Sogni e memorie di un immigrato in pensione
Alessandra Spila 21 maggio 2008

L’appensione diventa allo stesso tempo il momento di riscattare una vita fragile, trascorsa senza farsi troppe domande, rincorrendo l’unico desiderio considerato realizzabile: quello di tornare nel villaggio natale, ancora senza elettricità né acqua, e costruire una grande casa in cui raccogliere moglie e figli, ormai dispersi nella modernissima e alienante Francia. Il protagonista di Ben Jelloun appartiene a un dramma contemporaneo in cui l’amarezza si fonde alla poesia, dove le vicende del singolo diventano uno spaccato frastornato della nostra epoca. Mohamed incarna infatti non solo l’immigrato emarginato nel paese europeo (Lafrancia come la chiama lui), nella periferia parigina delle Yvelines, ma anche il maghrebino che guarda gli africani dalla pelle nera dall’alto in basso, che riconosce che il «razzismo è dappertutto», anche fra gli ultimi, e che rifiuta con ostinazione l’integrazione non chiedendo mai la cittadinanza francese, convinto che musulmani e cristiani non possano capirsi in alcun modo.

Con gli occhi di Mohamed, Ben Jelloun ci consegna anche una lente di ingrandimento per osservare con sguardo disincantato un mondo ipocrita, governato dalla legge del bisogno reciproco. Come si legge nelle parole amare con cui incoraggia la moglie spaventata da una incomprensibile politica xenofoba: «Stai tranquilla, le ho detto, Le Pen ha bisogno di noi, altrochè, immaginati questo paese ripulito dagli immigrati, allora non potrebbero più dire che siamo la radice del male, dell’insicurezza, che approfittiamo della previdenza sociale e degli assegni familiari». Ma Mohamed capisce pure che oltre ai pericoli dichiarati ce ne sono di più subdoli: «So bene che in questo paese ci sono altri Le Pen, magari non parlano con lui ma non ci amano affatto». A questo analfabeta, che firma disegnando un piccolo albero, non sfugge neanche che il vero problema oggi non sono “loro”, la sua generazione di immigrati che per sopravvivere si è resa il più invisibile possibile, ma i loro figli che fanno scalpore perché vogliono vivere come gli altri cittadini pur non essendo davvero loro pari. Mohamed questo lo sa bene, lui che ha lavorato come operaio di una fabbrica di automobili senza mai farsi sfiorare anche solo dall’idea dello sciopero, che cercava di spiegargli il suo collega sindacalista polacco.

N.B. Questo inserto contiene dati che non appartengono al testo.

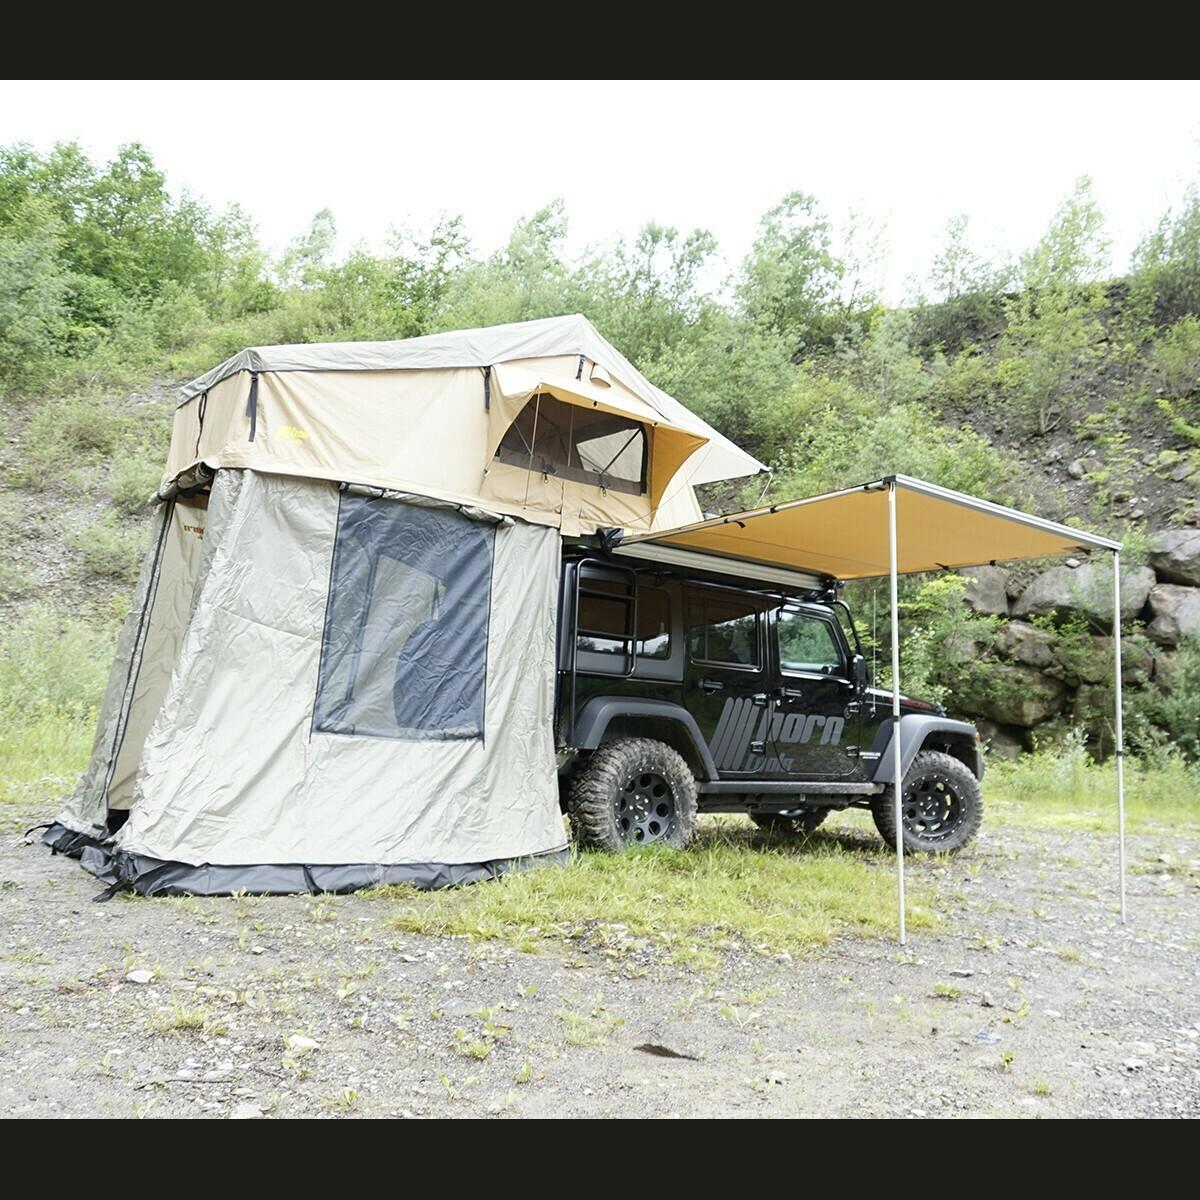 Dachzelt horntools Desert I 120cm sandfarben mit Vorzelt Offroad Reise Zelt atmungsaktiv & wüstentauglich

Il lavoro significa essere utili e non dare problemi agli altri, significa mantenere la famiglia. La stessa famiglia divisa da molto più di un’incomunicabilità tra marito e moglie o tra padre e figli, divisa da una frattura insanabile che contrappone i figli degli immigrati alle loro radici, rapiti ormai dalla Francia, da una mentalità altra e da un diverso modello di famiglia, ben lontano da quello che in Marocco «è come una colla opprimente». Il protagonista de L’ha ucciso lei è sempre stato solo, ha sempre tenuto per se stesso pensieri e sentimenti di cui non ha mai fatto partecipe neanche con la moglie, sposata giovanissima secondo tradizione. Nessuno in tutto il romanzo sembra capire Mohamed: nessuno dei cinque figli che rinnegano le proprie origini, né la moglie che guarda a lui con silenziosa rassegnazione, né i suoi connazionali che condividono con lui un destino di “esiliati”, ma dei quali Mohamed non apprezza i vizi e soprattutto teme un’identificazione. Nessuno ad eccezione di un altro alieno, un altro estraneo alla vita reale: Nabile, suo nipote, che a causa o grazie a un handicap mentale riesce ad amare Mohamed, senza giudicarlo. E che lo accompagnerà fino alla fine, in un epilogo straziante.